Yesterday Westpac released its latest consumer sentiment survey which showed that the pessimists still outnumber the optimists, with the index level of 93.2 still well below the long-run average.
From an economic outlook standpoint, in terms of retail sales and domestic growth, the really disappointing part of the survey was just how pessimistic respondents were about their finance now, in the next 12 months and the next 5 years.
Attempts to explain the pessimism, and the lack of follow through for confidence from the big fall in petrol prices, are made easier because Westpac quizzes survey participants about their unemployment expectations. While expectations that Australians will lose their jobs are down over the year at 150.7 it is still significantly higher than the 129.4 average (higher meaning people have a greater fear of losing their job).
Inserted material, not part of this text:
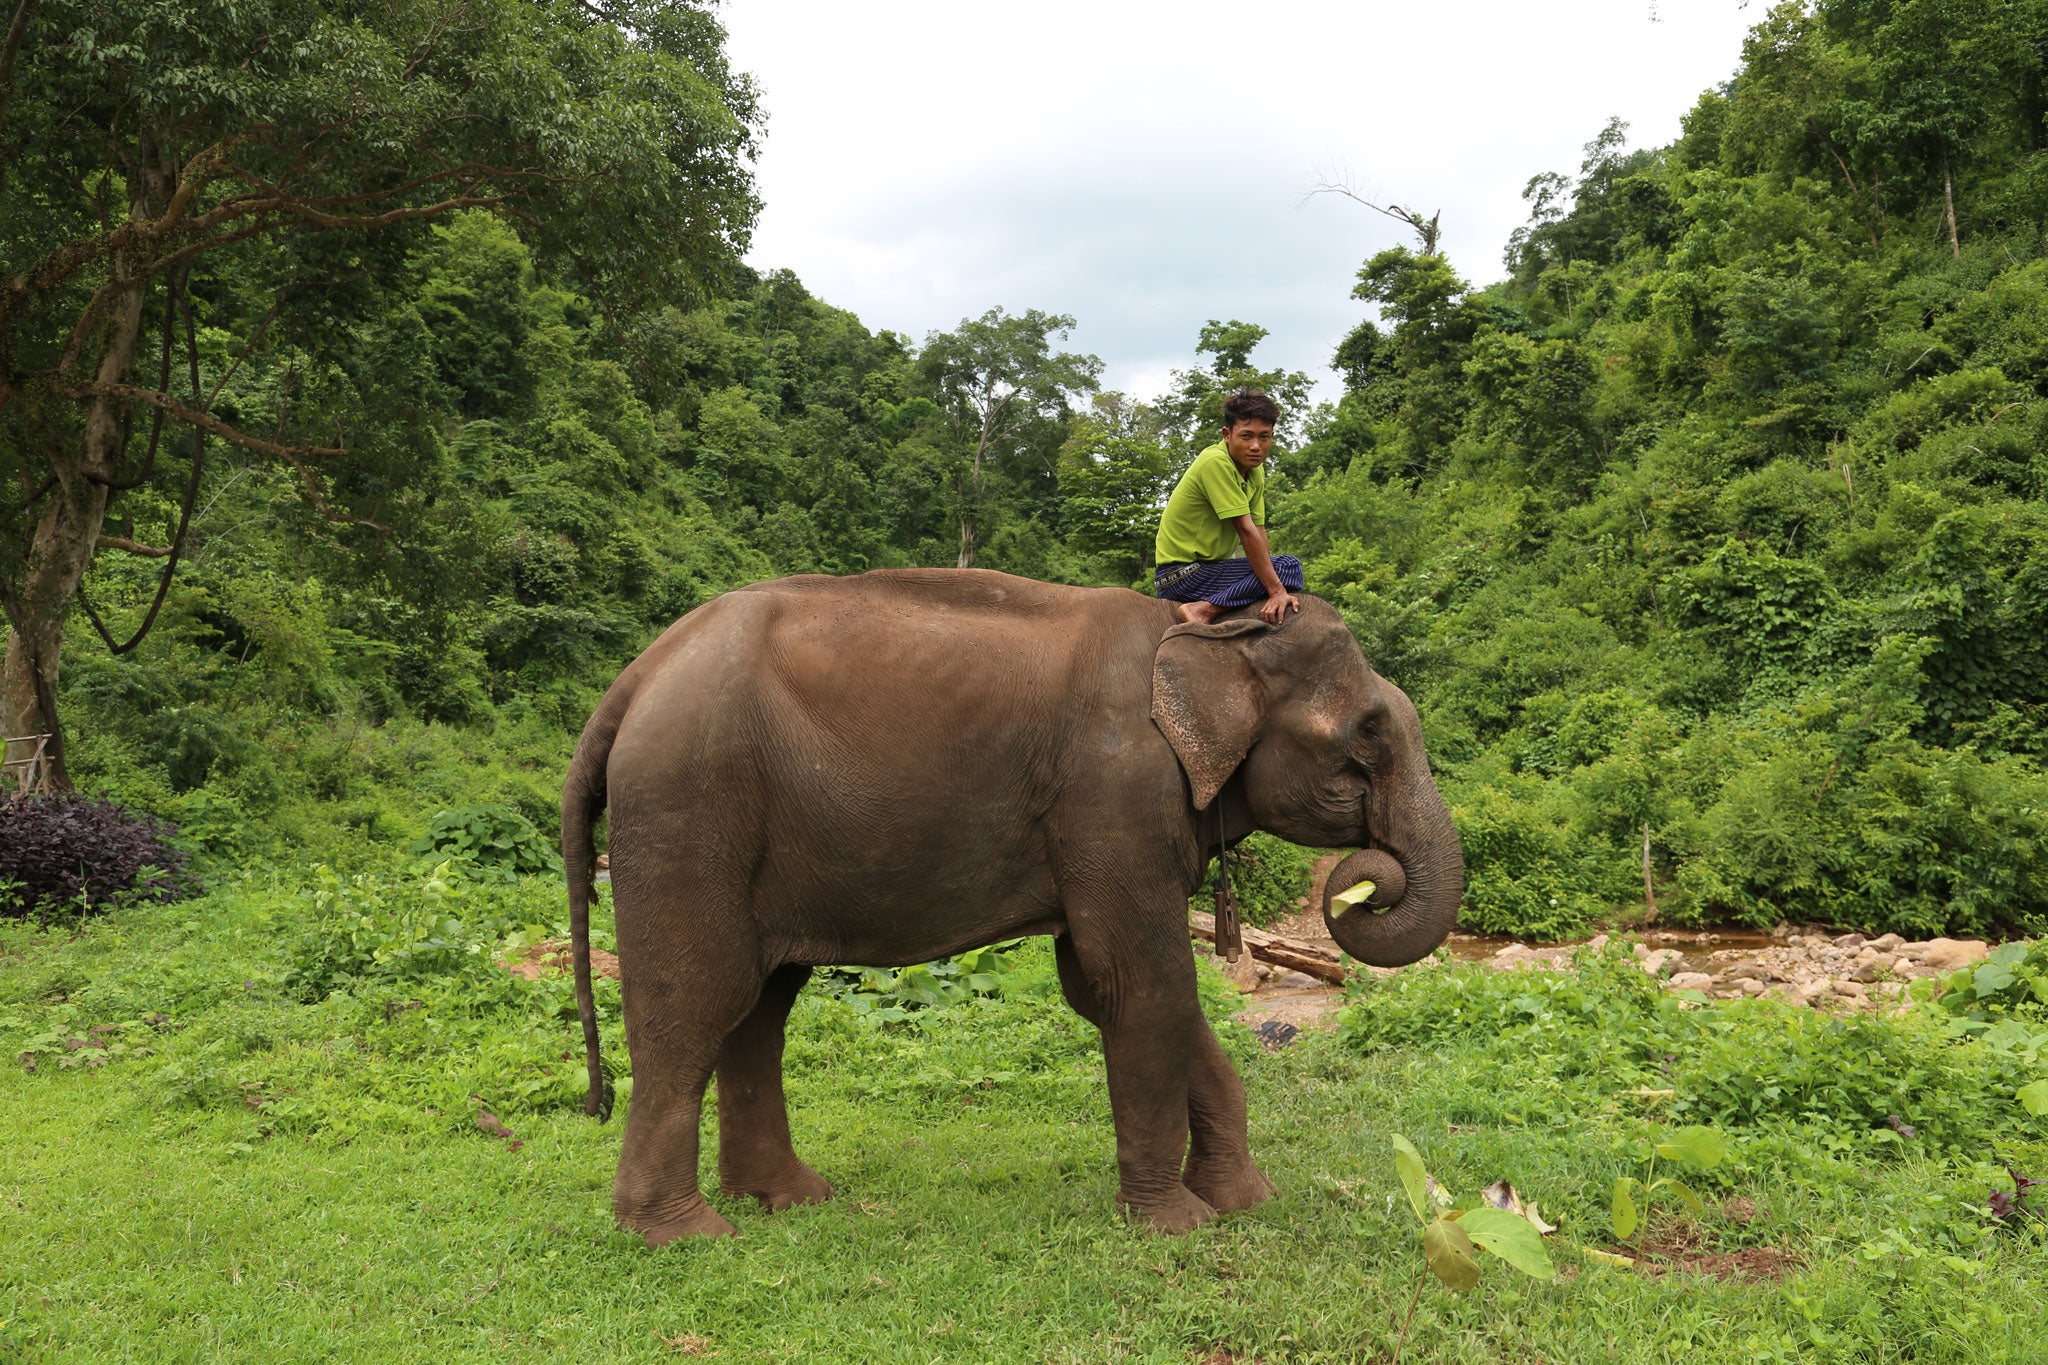 Green Hill Valley is a sanctuary for elephants formally used in the logging industry

In many ways it’s the most powerful question in the survey as it gets to the heart of what consumers are feeling about their prospects for employment and thus their ability to cover costs of living. With such high debt levels in Australia it’s no wonder fear of unemployment elicits a powerfully pessimistic impact on Australian consumers.
If Australian are worried about losing their jobs then this is likely to be refelcted in their spending and saving within the domestic economy. Westpac says this has a powerful influence on the RBA cash rate and that the heightened level of fear surrounding unemployment sets the scene for a rate cut.
In his “Unemployment Expectations Chart Pack” Westpac senior economist Justin Smirk said:
The level of unemployment expectations remains high and, for now at least, the trend is rising which presents a disinflationary force on the economy. But what we have found is that it is the change in expectations, rather than the level, that is the more important guide to any possible change to the stance of monetary policy. The recent trend deterioration in expectations suggests that the possibility of a rate cut in early 2015 is much greater than some may think.
After the Bank of Canada cut last night local futures traders have increased the chances of a cut next month to 40%. Westpac argues it’s much higher.